Molecular-statistical calculation of the thermodynamic characteristics of adsorption of saturated and unsaturated hydrocarbons on graphitized thermal carbon black

Abstract

Virial equations for the internal energy, entropy and heat capacity of an adsorbed substance and for their changes on adsorption are derived using the grand partition function. Molecular-statistical calculations were carried out of Henry's constant and the changes in internal energy, entropy and heat capacity on adsorption of a series of n-alkanes, isoalkanes, cycloalkanes, alkenes, alkynes and conjugated dienes onto graphitized thermal carbon black (GTCB), at zero surface coverage and various temperatures. The potential function of the intermolecular interaction of a molecule with an adsorbent Φ was assumed to be equal to the sum of ϕ the atom-atom potential functions. The functions ϕ were estimated using the approximate theory of intermolecular interactions and corrected by comparison with the experimental data for adsorption on GTCB of a few representative hydrocarbons from each homologous series.

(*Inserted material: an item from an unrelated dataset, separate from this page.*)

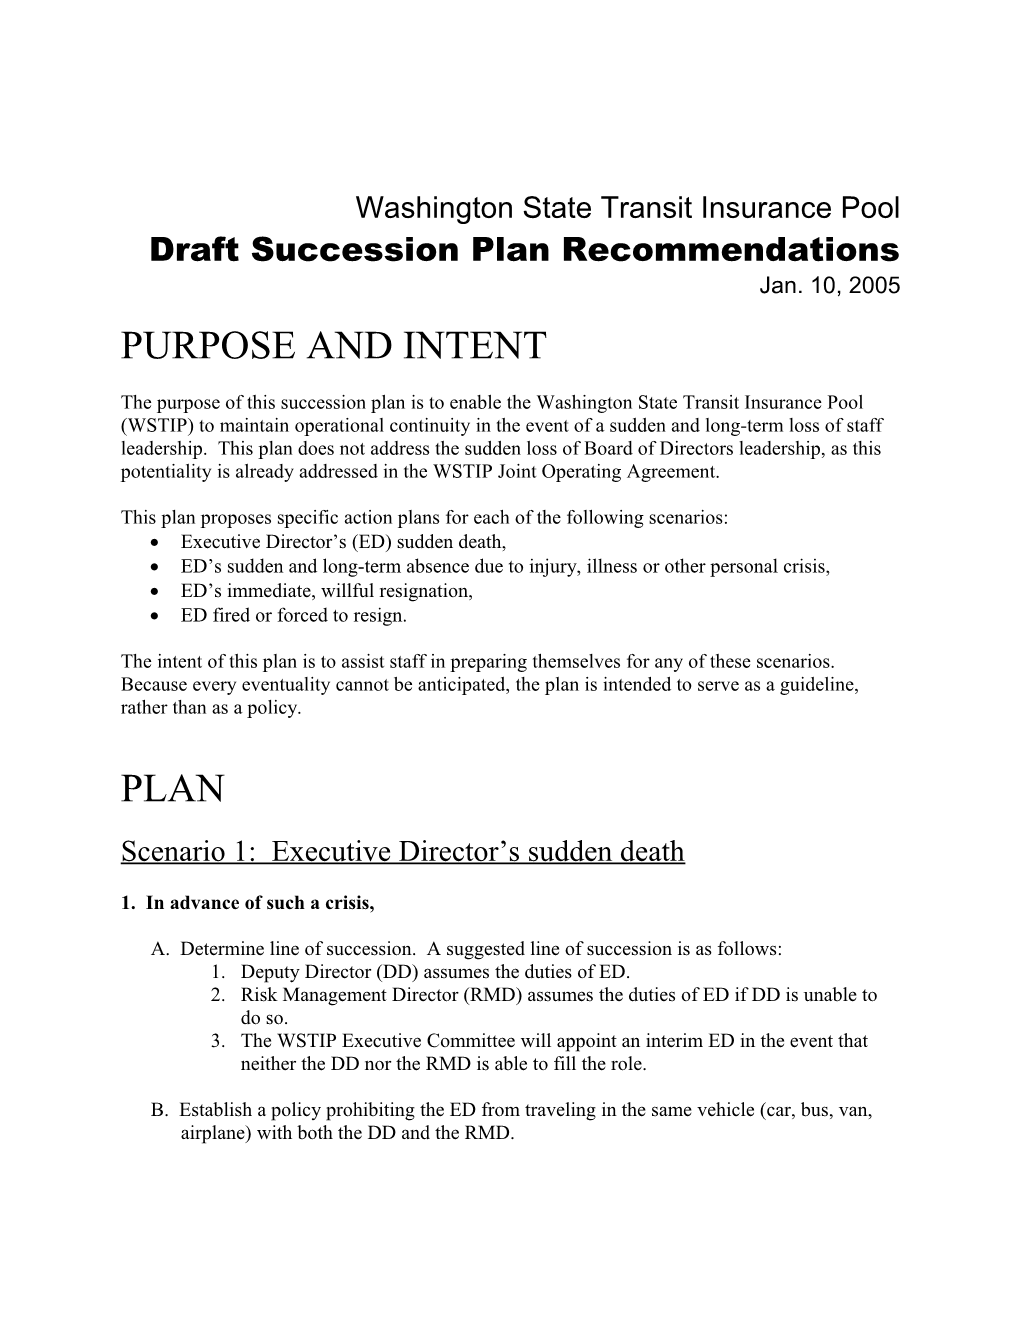 The Purpose of This Succession Plan Is to Enable the Washington State Transit Insurance
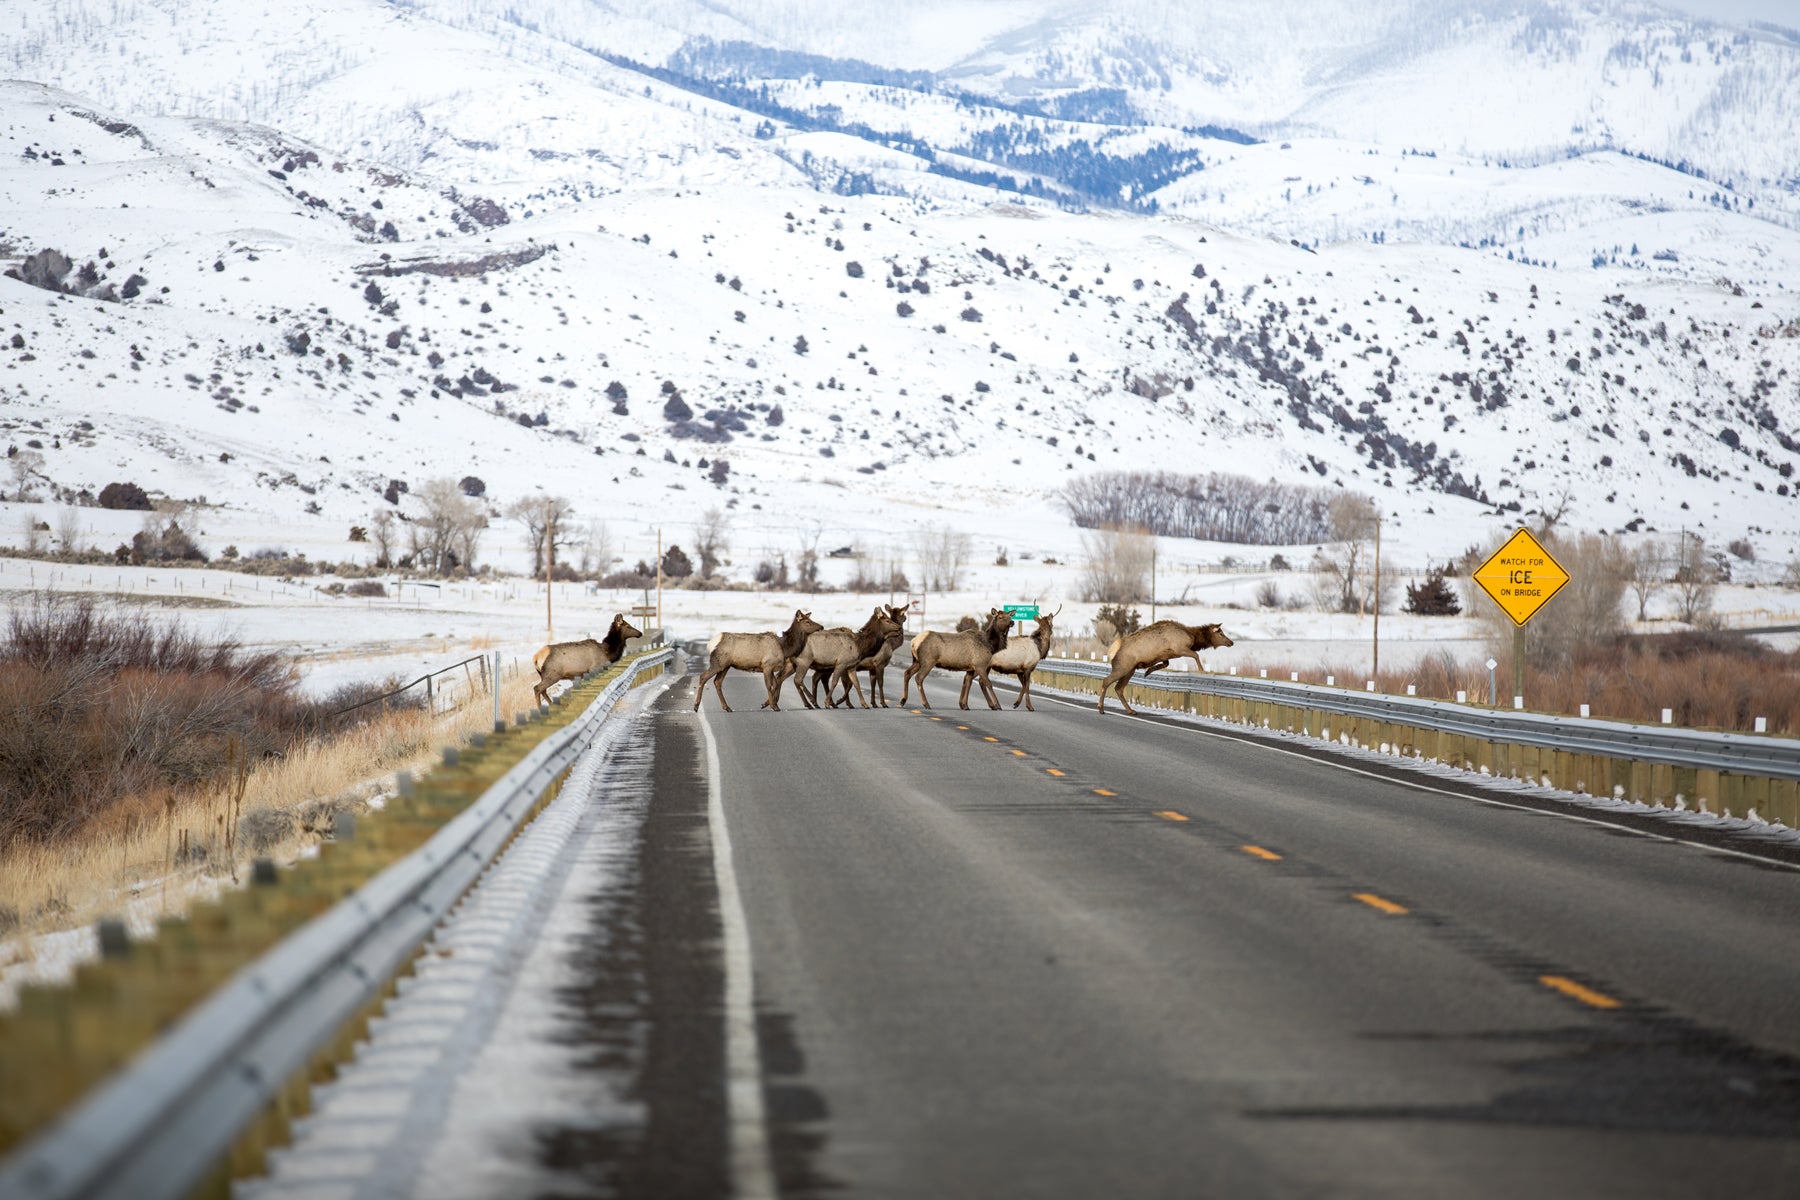 Elk herd crossing the road in front of snowy mountains in Paradise Valley.

The calculated thermodynamic characteristics of adsorption of all the hydrocarbons investigated, except the rather strained cyclopropane, are in good agreement with the experimental data. The calculations showed that the intermolecular interaction of a carbon atom in the hydrocarbon molecule with a carbon atom in graphite depends on the valence state of the carbon atom in the molecule. The intermolecular interaction of a carbon atom in graphite with a carbon atom forming a double or triple bond in a hydrocarbon molecule is ∼ 7 and 27 % greater respectively than with a carbon atom in a single bond. The conjugation of valence bonds in alkadienes has little effect on their intermolecular interaction with graphite.